• Exercise details:
Print the data below again in full, exactly as it stands, with no images.

• Collected data:

══════

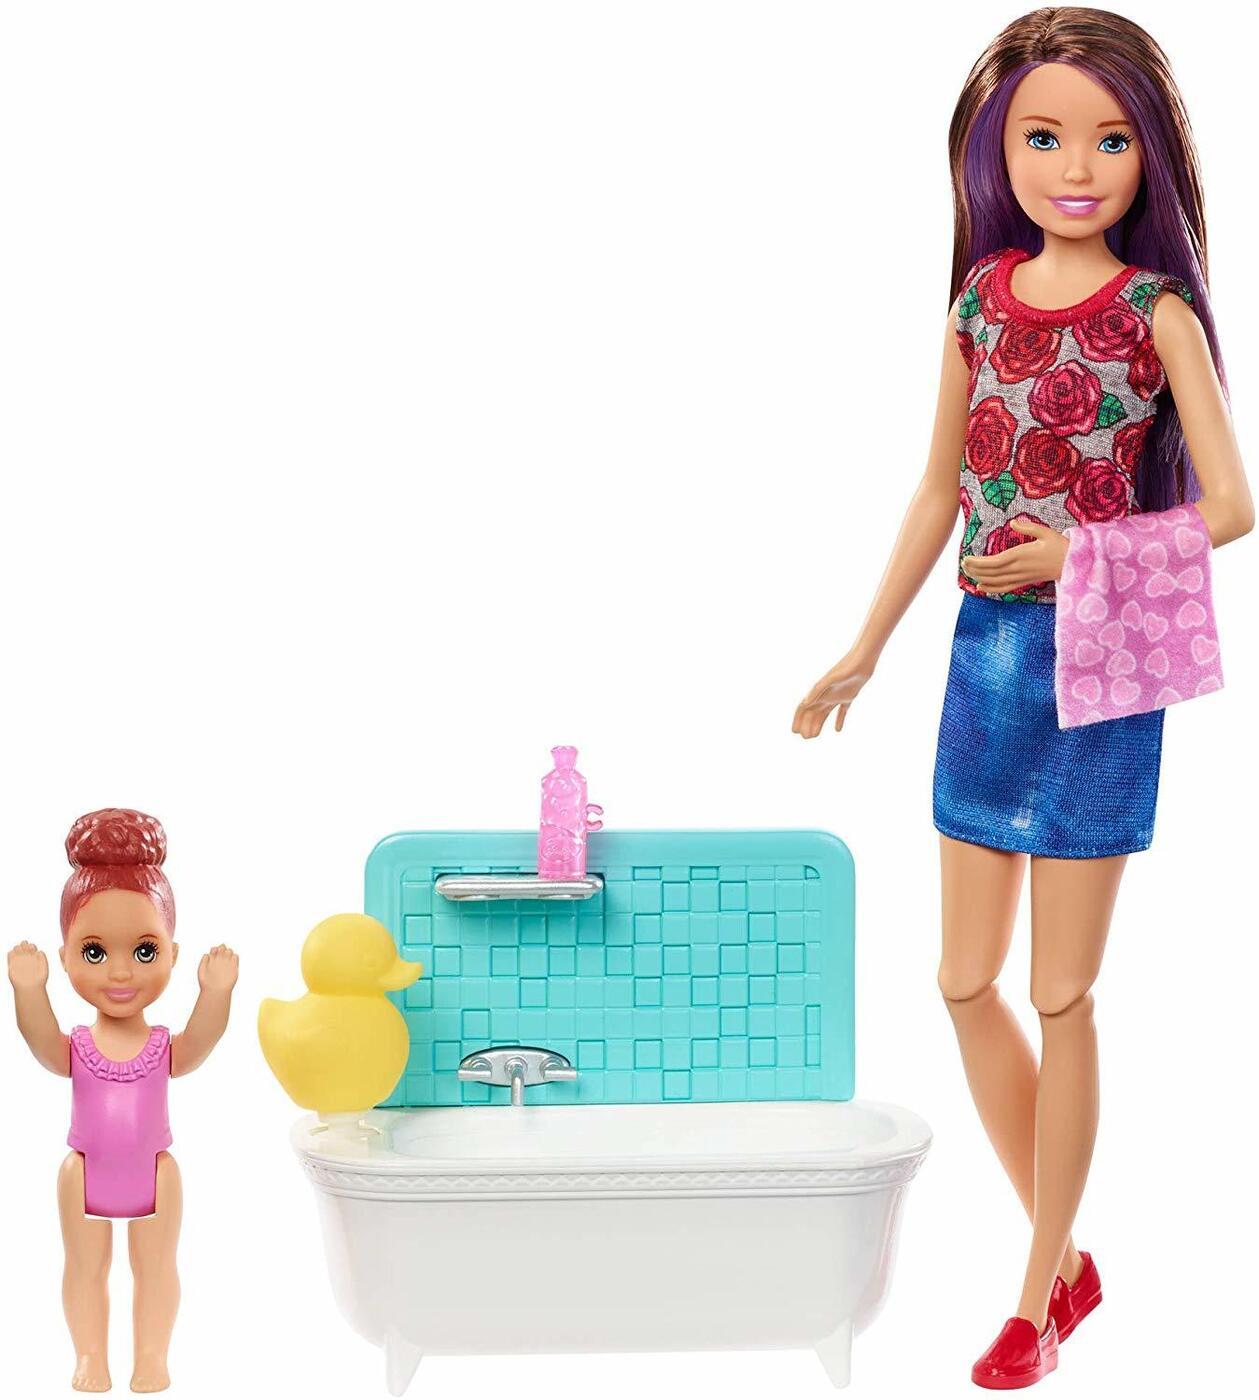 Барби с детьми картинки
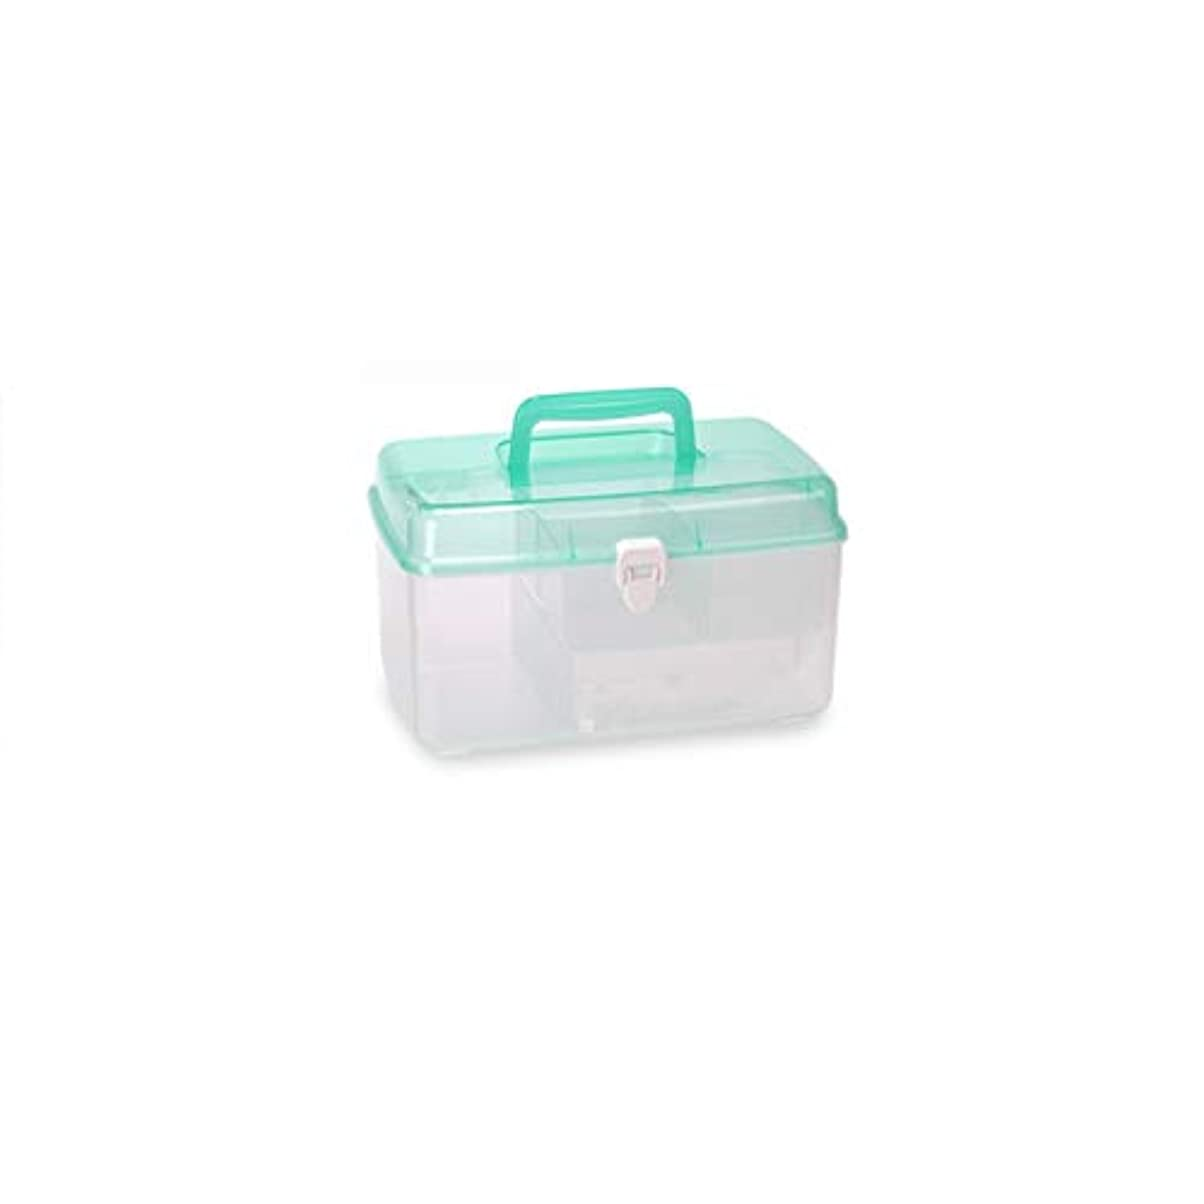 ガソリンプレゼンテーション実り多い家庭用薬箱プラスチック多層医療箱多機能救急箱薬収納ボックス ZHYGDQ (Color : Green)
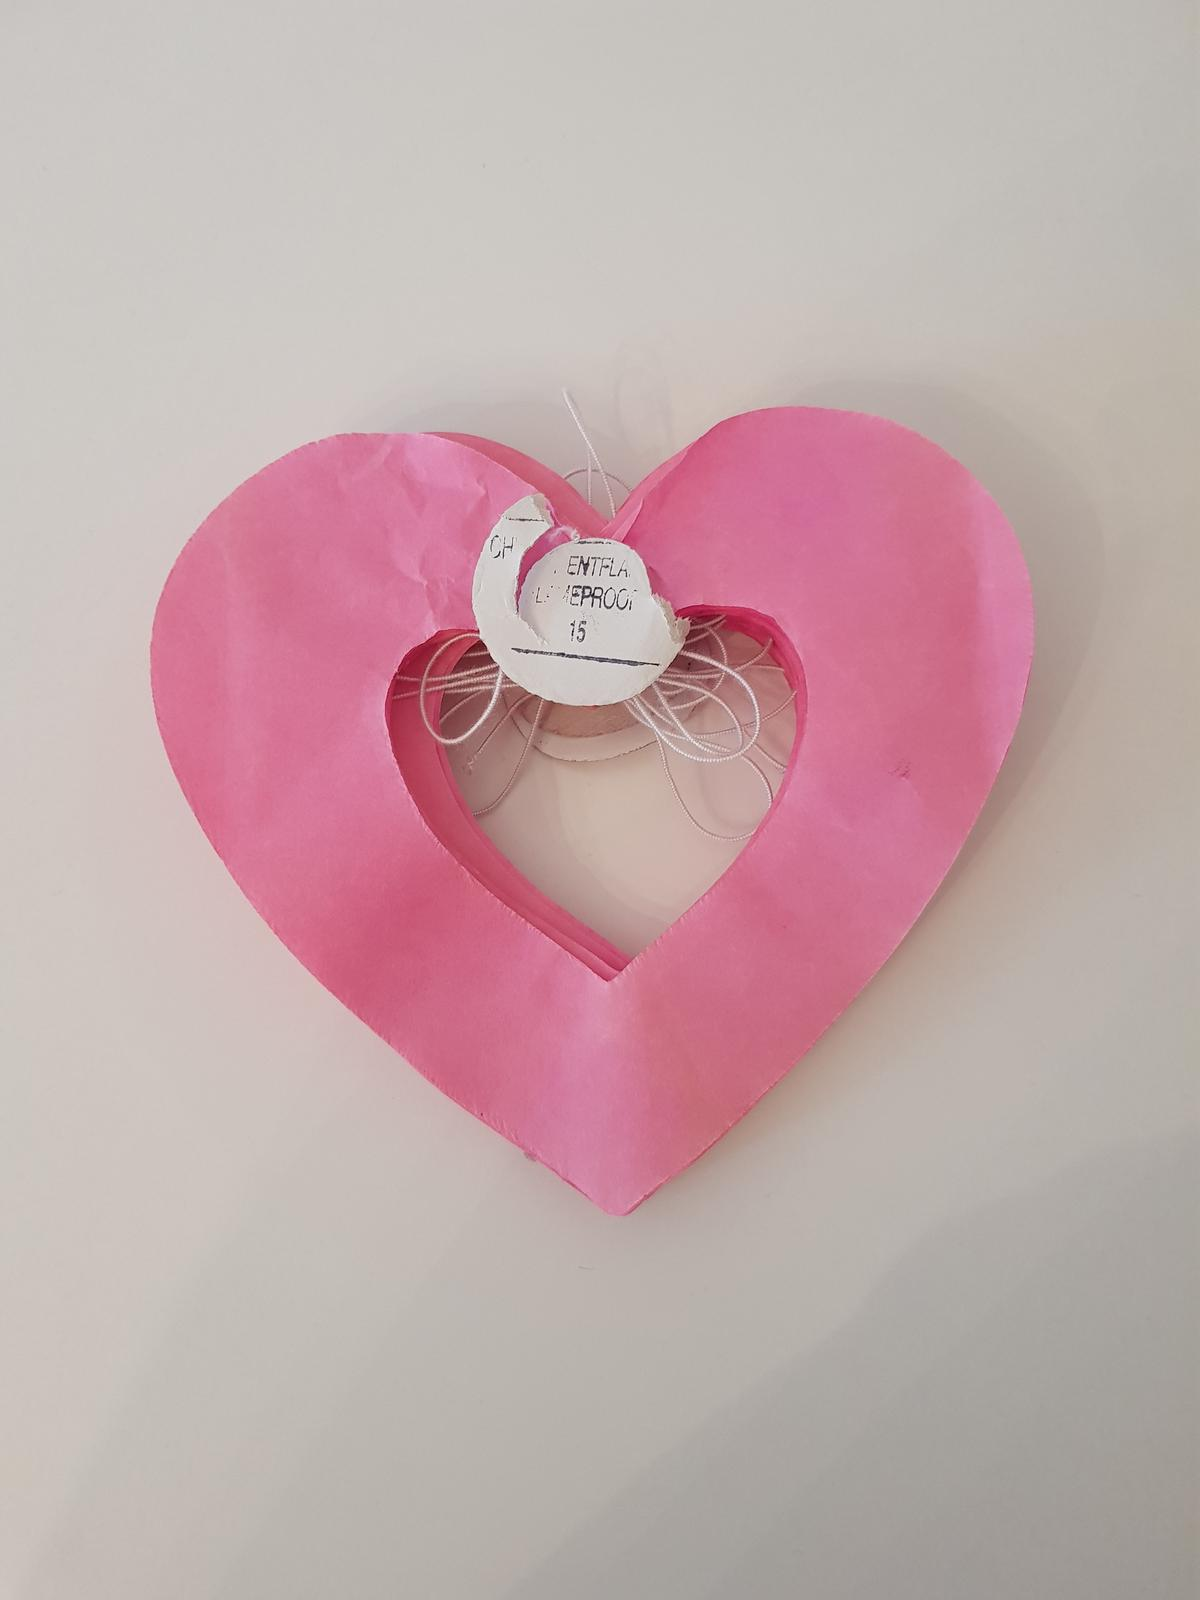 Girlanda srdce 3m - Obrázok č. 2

══════

• Written answer:
 Барби с детьми картинки
 ガソリンプレゼンテーション実り多い家庭用薬箱プラスチック多層医療箱多機能救急箱薬収納ボックス ZHYGDQ (Color : Green)
 Girlanda srdce 3m - Obrázok č. 2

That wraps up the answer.